Task brief: Word for word, restate the lines of the listing below from the line with "London Black Taxi" through the line with "Palm beach where", and do not include the pictures.
*** Source material
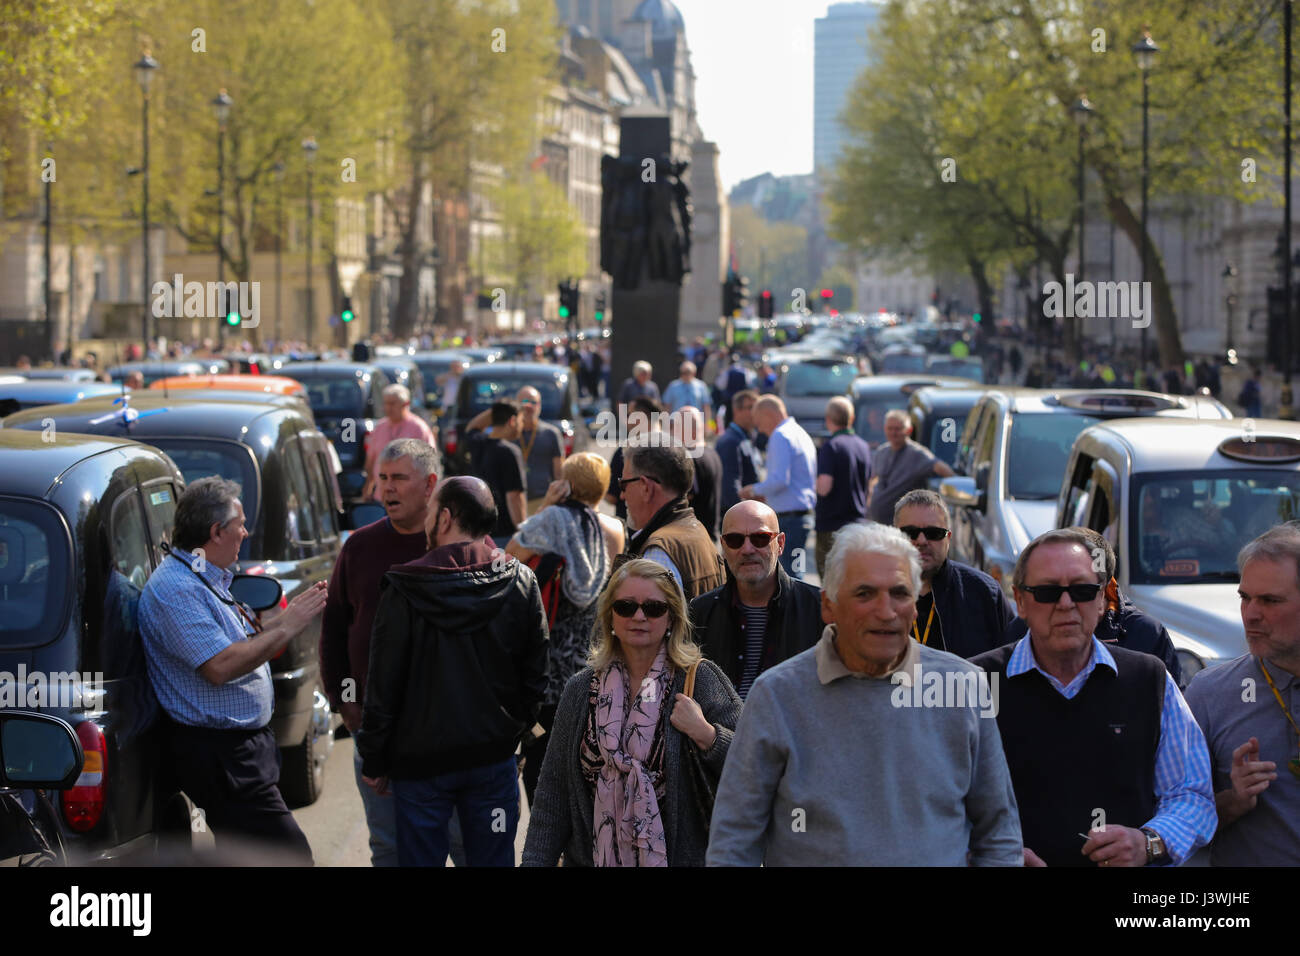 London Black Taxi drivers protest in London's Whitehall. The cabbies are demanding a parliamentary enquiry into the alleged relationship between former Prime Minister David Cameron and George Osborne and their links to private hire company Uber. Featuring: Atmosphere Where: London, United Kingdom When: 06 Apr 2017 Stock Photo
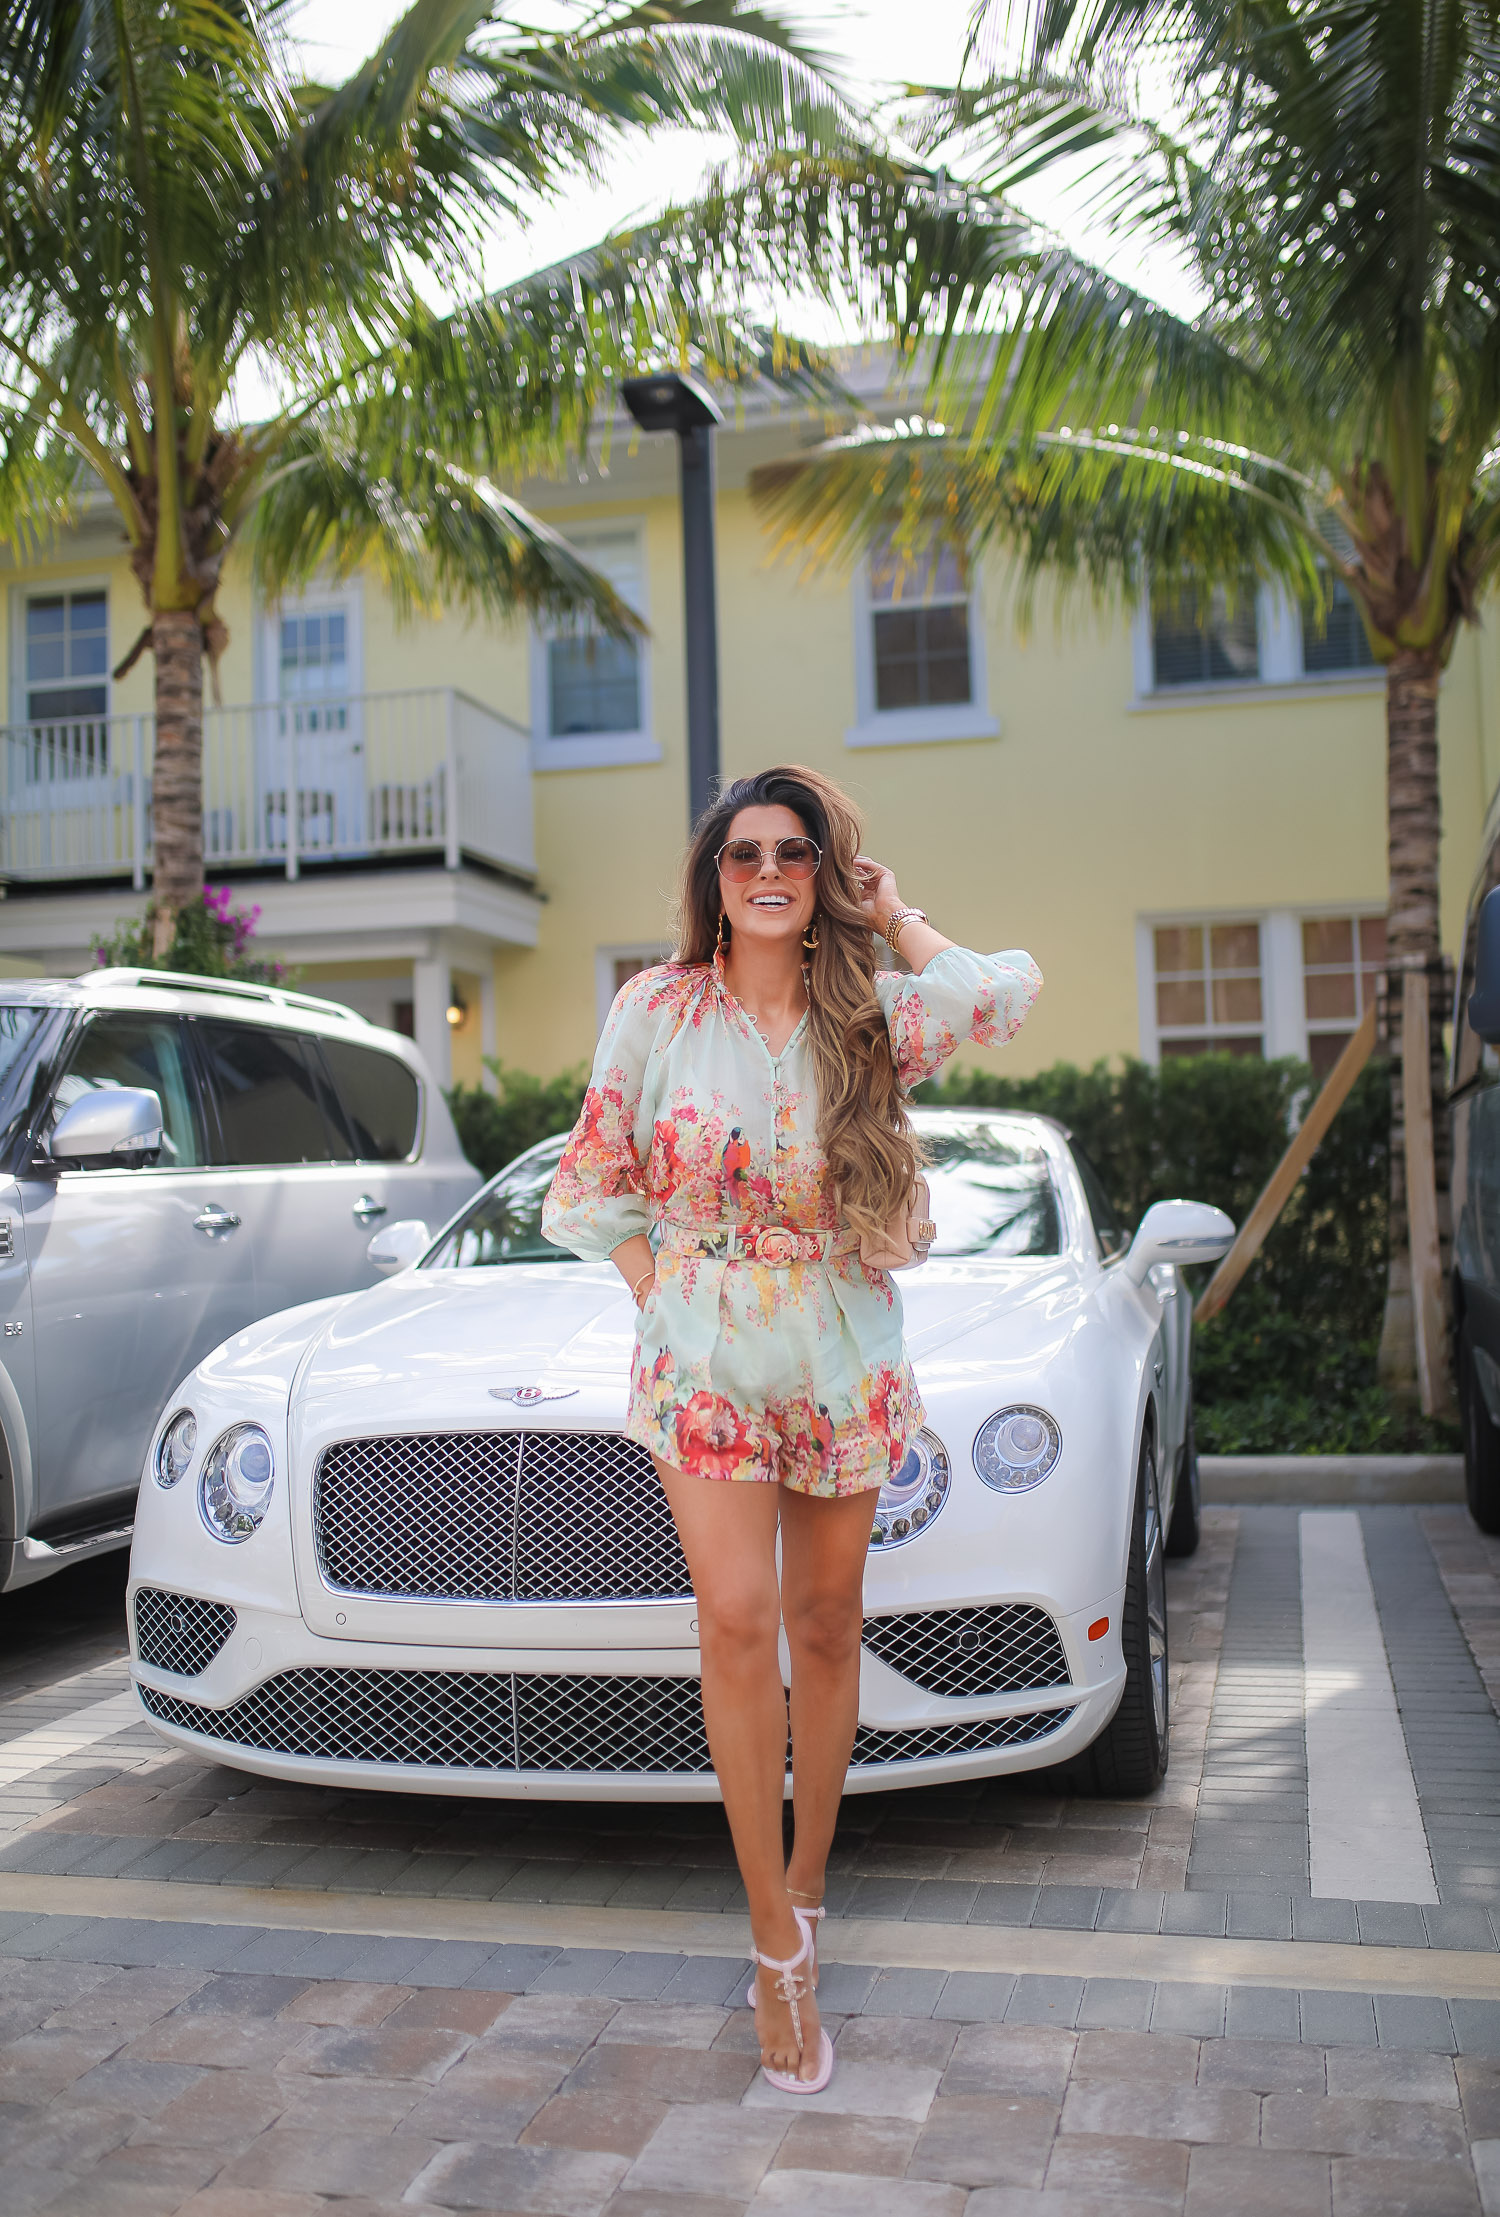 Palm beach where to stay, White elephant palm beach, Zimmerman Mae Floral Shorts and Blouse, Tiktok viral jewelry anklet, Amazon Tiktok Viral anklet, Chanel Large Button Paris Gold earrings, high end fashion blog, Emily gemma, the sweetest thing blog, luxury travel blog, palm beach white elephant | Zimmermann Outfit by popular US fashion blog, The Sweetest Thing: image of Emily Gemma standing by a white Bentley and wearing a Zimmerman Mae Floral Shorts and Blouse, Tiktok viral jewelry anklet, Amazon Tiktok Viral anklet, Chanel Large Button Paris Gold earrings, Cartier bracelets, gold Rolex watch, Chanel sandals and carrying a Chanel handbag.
******
*** Source material
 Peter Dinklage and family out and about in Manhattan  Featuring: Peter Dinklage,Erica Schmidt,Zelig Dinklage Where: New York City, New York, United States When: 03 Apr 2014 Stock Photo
******
Solution:
 London Black Taxi drivers protest in London's Whitehall. The cabbies are demanding a parliamentary enquiry into the alleged relationship between former Prime Minister David Cameron and George Osborne and their links to private hire company Uber. Featuring: Atmosphere Where: London, United Kingdom When: 06 Apr 2017 Stock Photo
 Palm beach where to stay, White elephant palm beach, Zimmerman Mae Floral Shorts and Blouse, Tiktok viral jewelry anklet, Amazon Tiktok Viral anklet, Chanel Large Button Paris Gold earrings, high end fashion blog, Emily gemma, the sweetest thing blog, luxury travel blog, palm beach white elephant | Zimmermann Outfit by popular US fashion blog, The Sweetest Thing: image of Emily Gemma standing by a white Bentley and wearing a Zimmerman Mae Floral Shorts and Blouse, Tiktok viral jewelry anklet, Amazon Tiktok Viral anklet, Chanel Large Button Paris Gold earrings, Cartier bracelets, gold Rolex watch, Chanel sandals and carrying a Chanel handbag.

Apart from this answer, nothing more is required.